- Born: 28 September 1970 (age 55) Middelberg, South Africa
- Occupations: Actress, Broadcaster, Voice Artist, Host, Social Media Personality
- Years active: 1994 - present
- Notable work: Home Affairs, iGazi, Mfolozi Street & Muvhango
- Awards: Golden Horn Award for Best Supporting Actress in a TV Drama Series

= Vatiswa Ndara =

South African actress

Vatiswa Ndara (born 28 September 1970) is a South African actress and media personality.

== Early years and education ==
She was born in Middelberg which is located in the Eastern Cape province.

== Career ==
In 1994, she began her career as a news reader and compiler at Radio Transkei. She has also worked as a presenter at other radio stations including Radio Bob, Kaya FM, Metro FM, 5FM and Highveld Stereo. Her acting career began when she was offered the role of Ma'mfundisi in Generations. She has since starred in the television series Gaz'lam, Nomzamo, Home Affairs, Tsha Tsha, and Society. She appeared in the 2019 film Salvation.

== Filmography ==

- Generations
- Gaz'lam
- Nomzamo
- Home Affairs
- Society
- Shooting Stars
- 90 Plein Street
- Ihawu le Sizwe
- Muvhango
- Igazi
- Ithemba
- Tsha Tsha
- Society
- Salvation (2019 film)

== Open letter ==
On 8 October 2019, Ndara wrote a 6-page letter to Nathi Mthethwa, the arts and culture minister, which was posted on Twitter. In the letter, she alleged that Connie Ferguson and Shona Ferguson's company, Ferguson Films, mistreated actors in the entertainment industry. The letter went viral and sparked debates on the internet.

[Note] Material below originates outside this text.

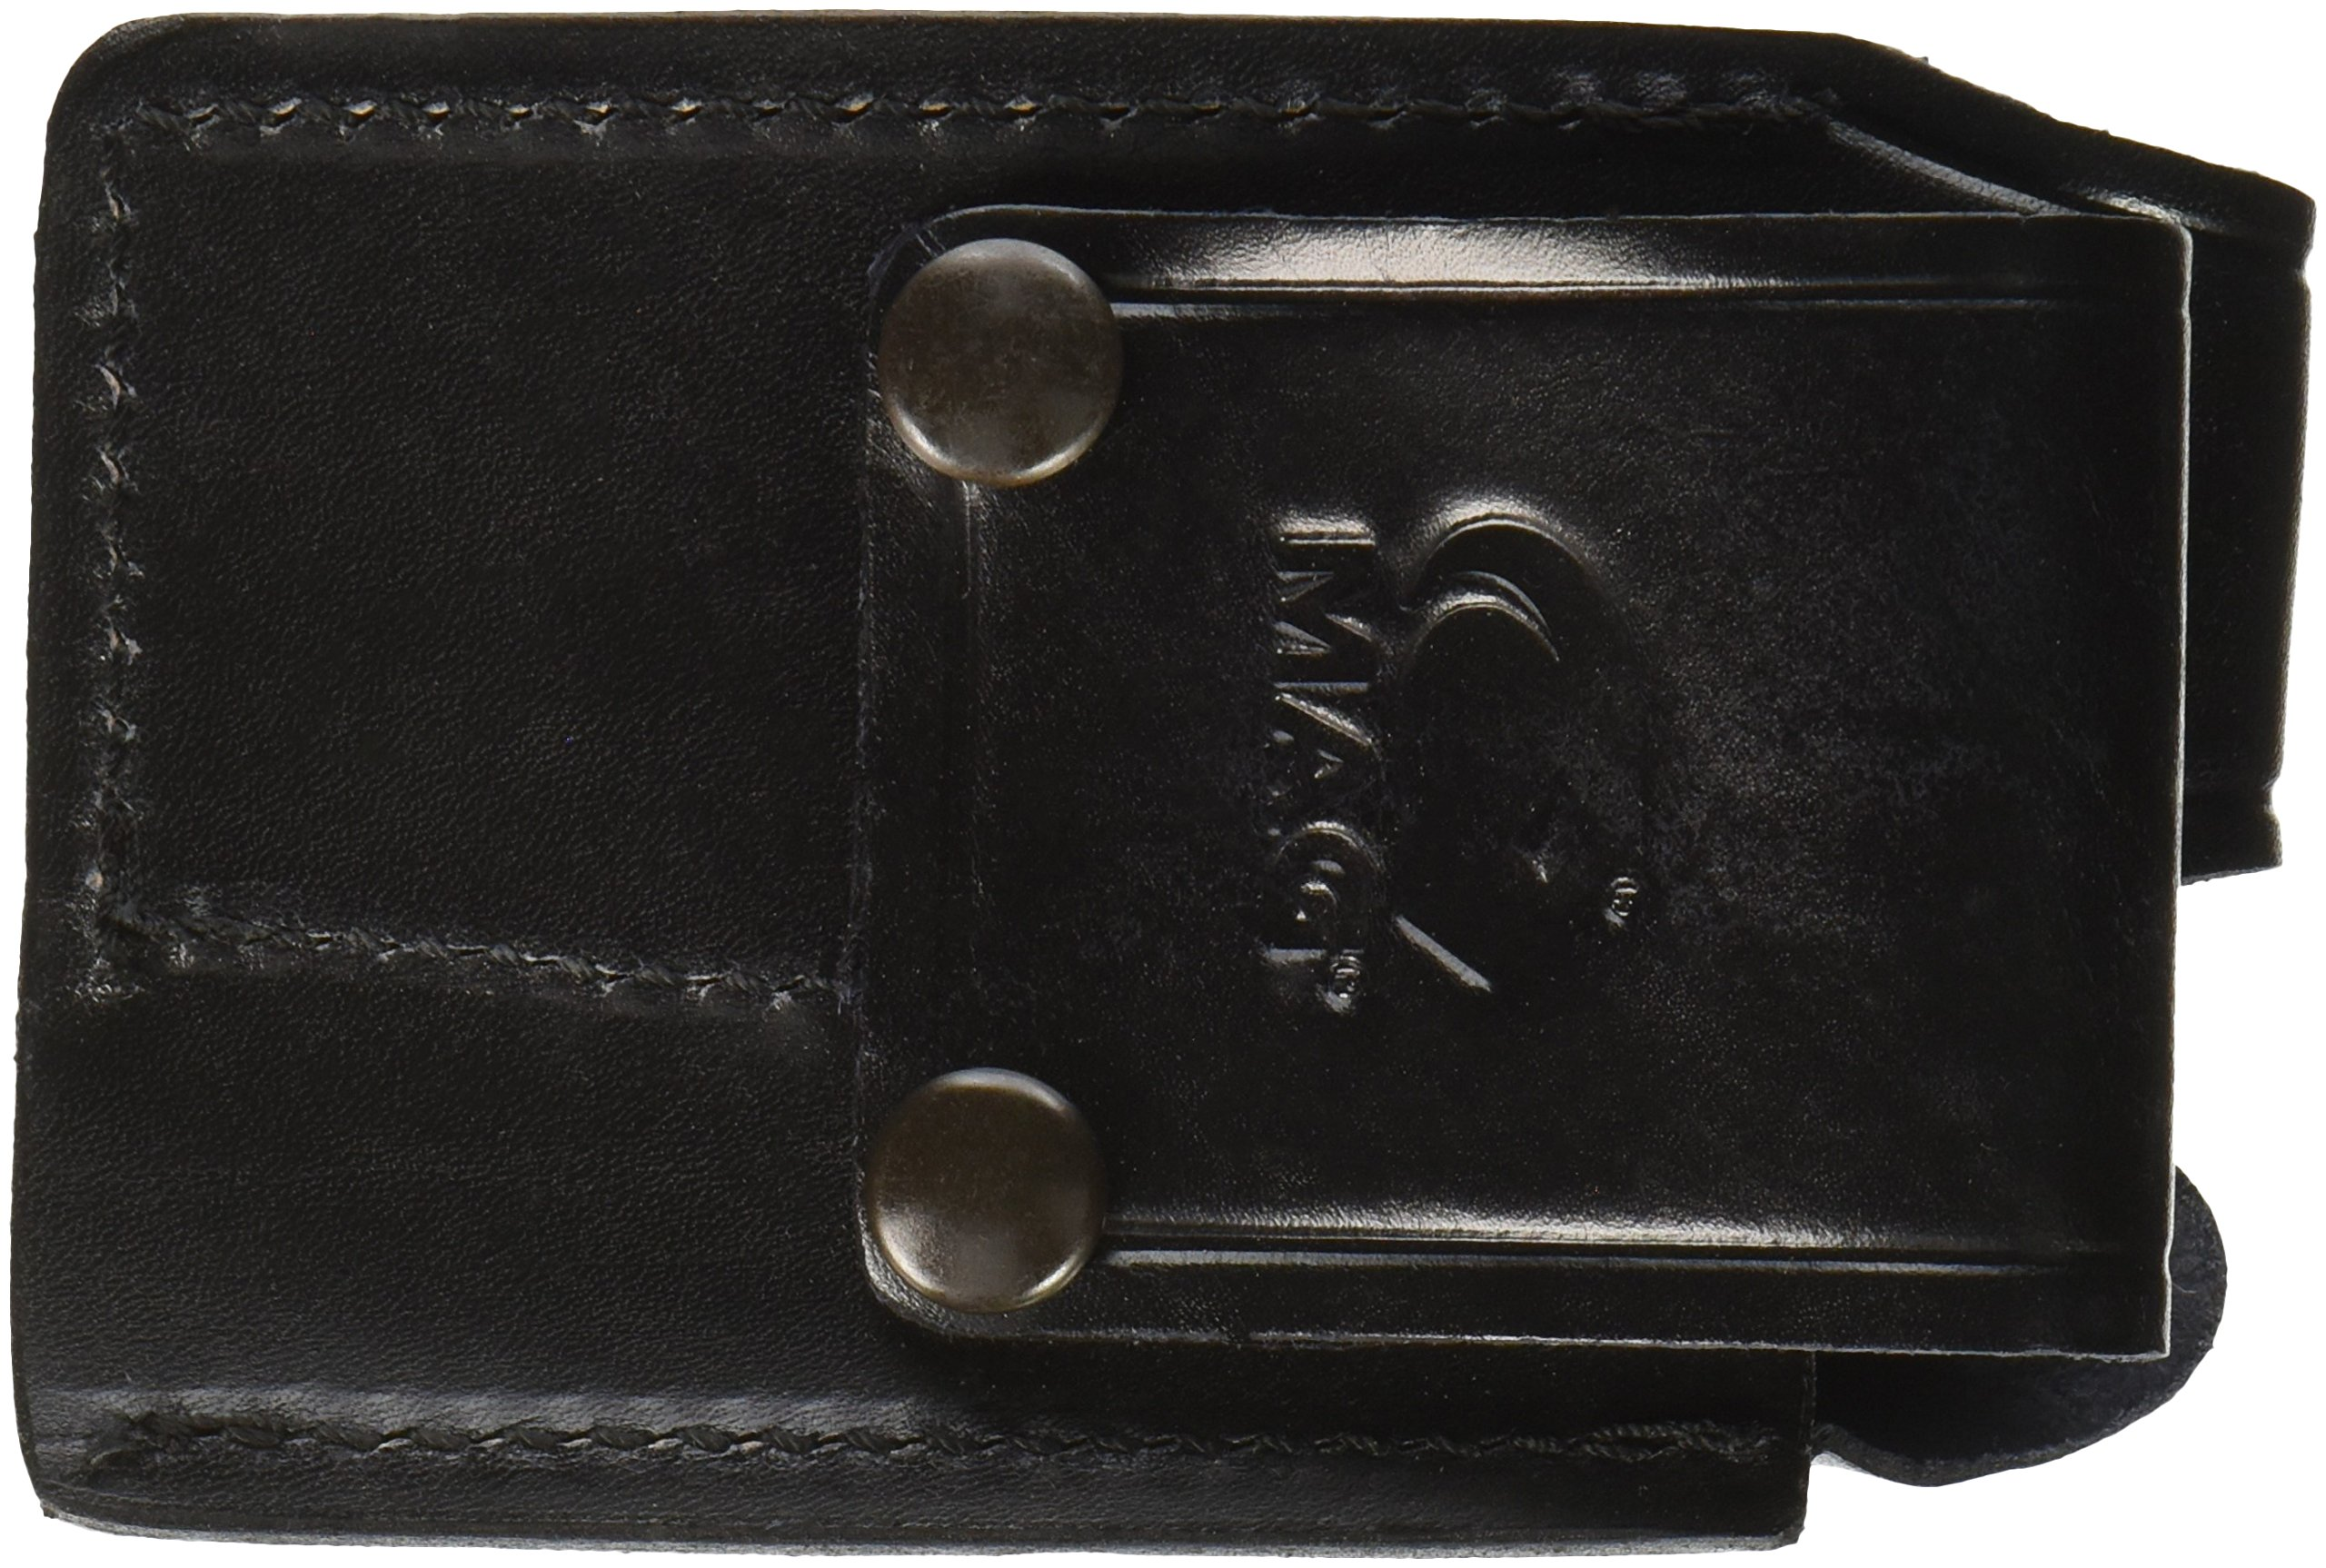 Maglite Mini Maglite/Pocket Knife Leather Holster by MagLite (Image #2)
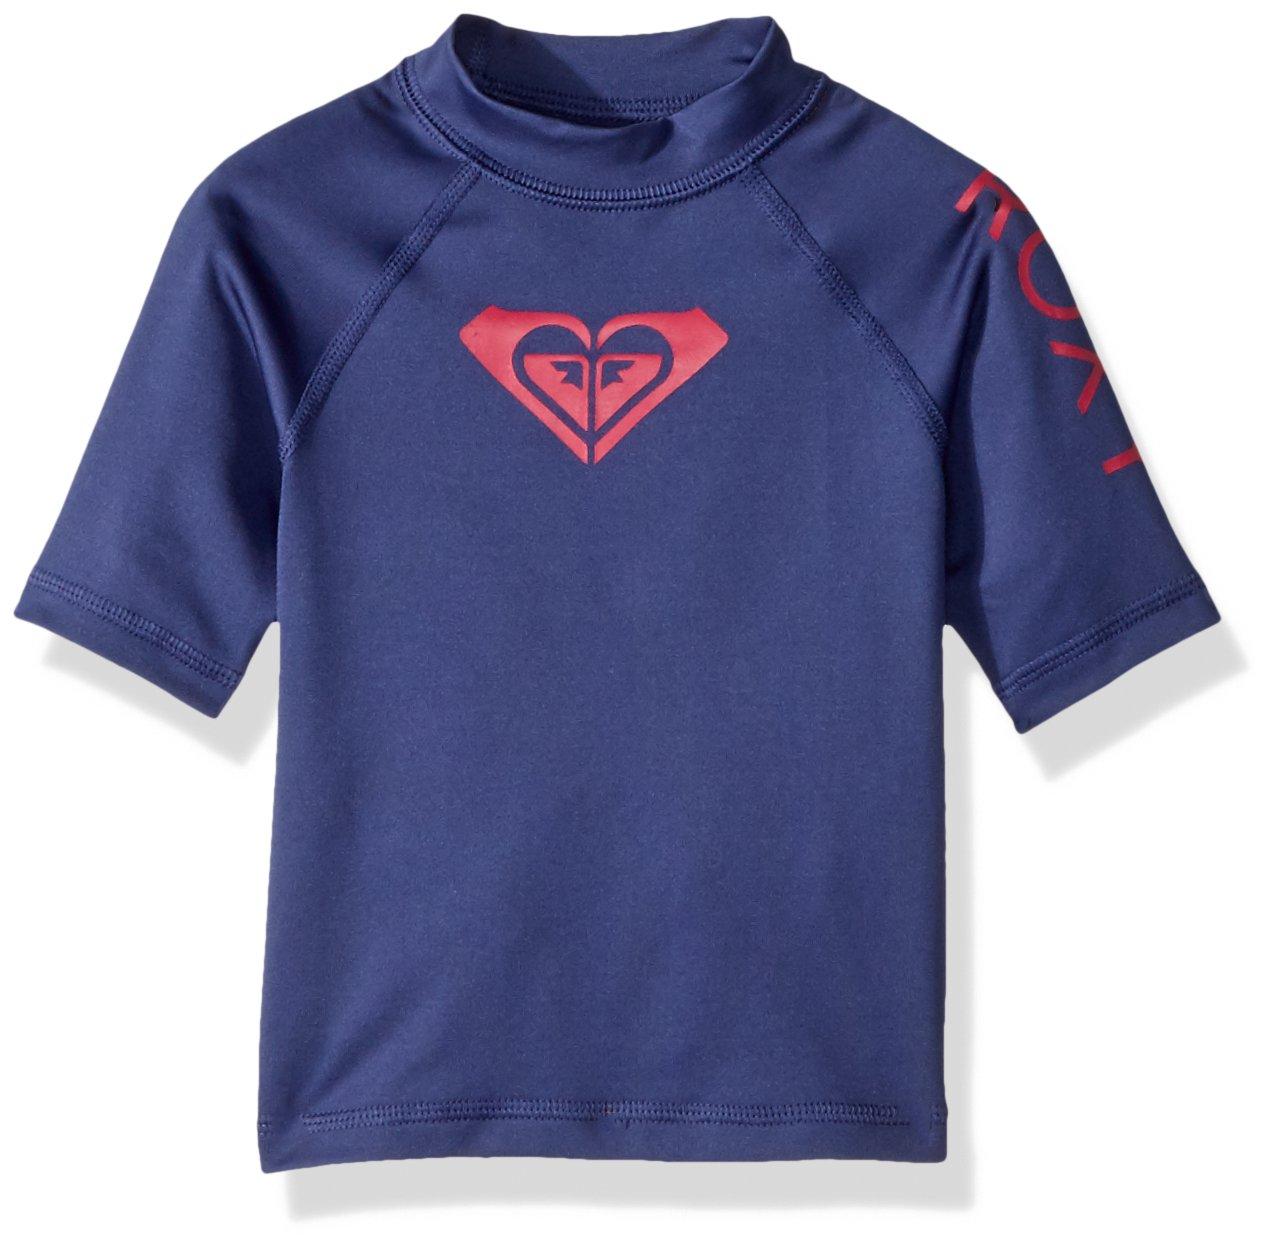 Roxy Toddler Girls' Whole Hearted Short Sleeve Rashguard, deep Cobalt, 2

== Awards and recognition ==

- 2006: She won the inaugural SAFTA award for Best Supporting Actress
- 2008–2009: She was selected as a juror of the 2008 and 2009 International Emmy Awards. She judged in the category Best Performance by an Actress.
- 2016: She was nominated the Best Actress in a TV Comedy category for 2016 SAFTA.
- 2017: She received DStv's inaugural Mzansi Viewers' Choice Award for Favourite Actress.